Читаем Над Кубанью. Книга вторая полностью

Дома выходили на улицу кирпичным побеленным фундаментом и просторным крыльцом. За высокими заборами амбары под камышом и железом, хозяйственные службы. Угадывались сытая жизнь, тепло. Казаки недружелюбно посматривали на верховых. О выступлении Корнилова знали. Станицы томились неопределенными предчувствиями. Близко подступала грозная и неумолимая война, и вооруженные отряды напоминали о ее приближении.

Мостового окликнули по имени. Он обернулся броско, всем туловищем.

— А, Евдокия Батьковна.

— Аль зазнался, закомиссарился, наши ворота проезжаешь?
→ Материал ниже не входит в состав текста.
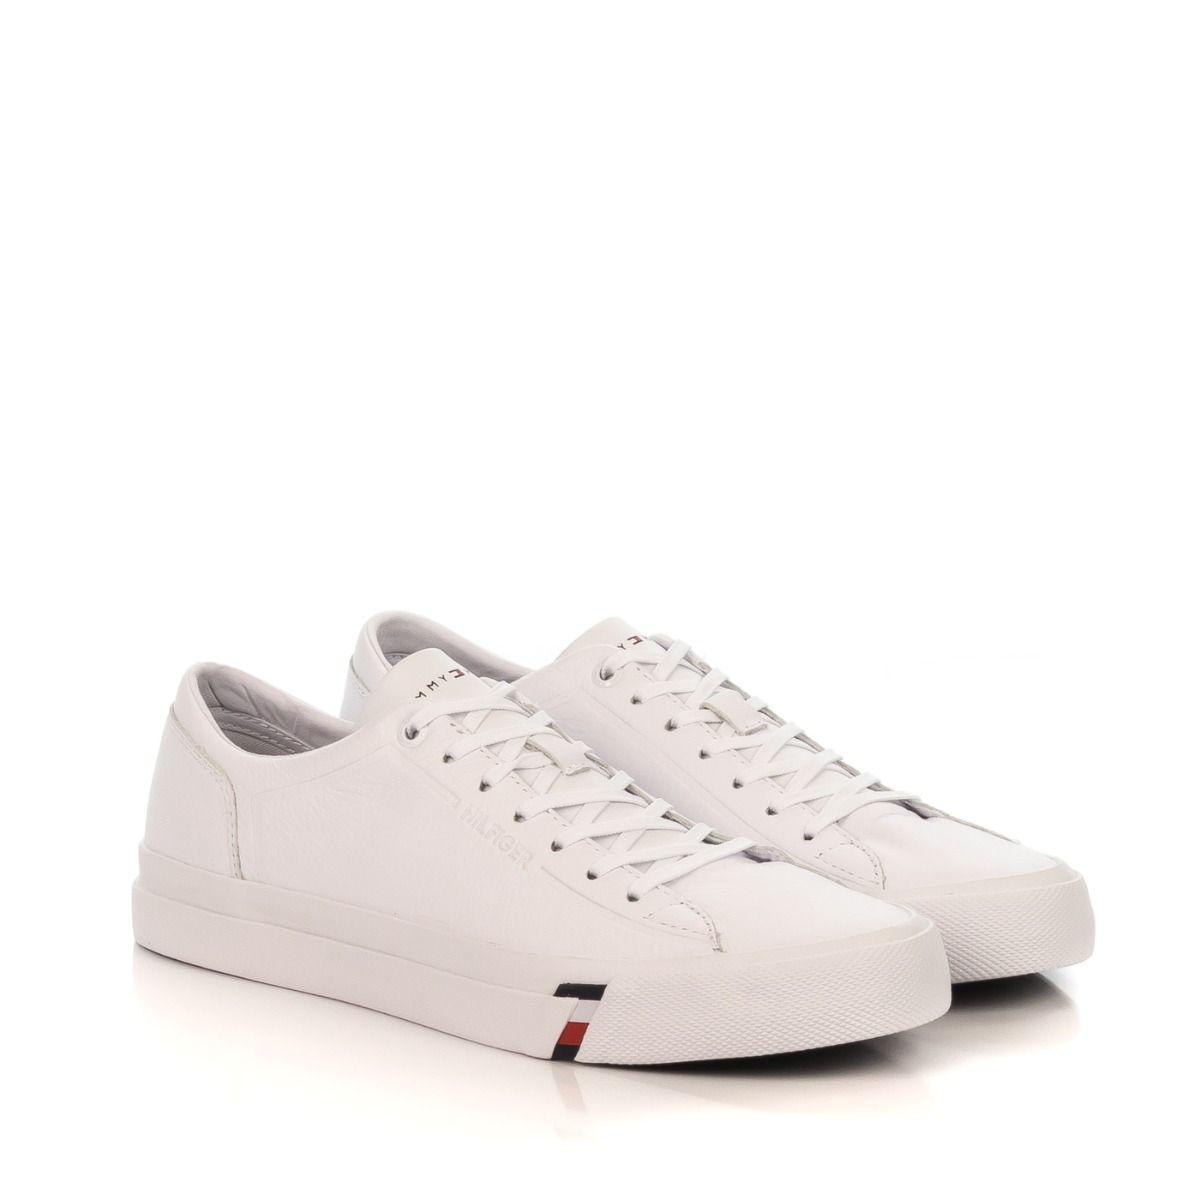 Sneakers uomo|TOMMY HILFIGER 2089 100 DINO in pelle bianca

Шаховцов приосанился. Казачка, окликнувшая Мостового, была молода, красива. Озорной огонек блестел в ее глазах. Видно было, что она привыкла нравиться мужчинам, и от этого как-то сразу узнавалась ее хмельная сила.

— Чья? — спросил он.

— Каверина Донька. Жинка моего фронтового дружка. — Он протянул руку.

— Здорово, Доня. Я и сам приглядывался, искал. Давно отсюда, сбился.

— Сбился, — упрекнула Донька, — не ворожка, зубы не заговаривай, Егор. Заворачивай до нашей хаты, гостем будешь.

— В одной хате не поместимся. Видишь, сколько парубков.

— Ладно уже, парубки, кажись, не вредные. На всех невест найдем, с пуховиками, с перинами.

Отрядники захохотали, закурили.

— Разместимся? Соседи как?

— Найдем и соседей и соседок.

Донька с видом радушной хозяйки заторопилась к воротам.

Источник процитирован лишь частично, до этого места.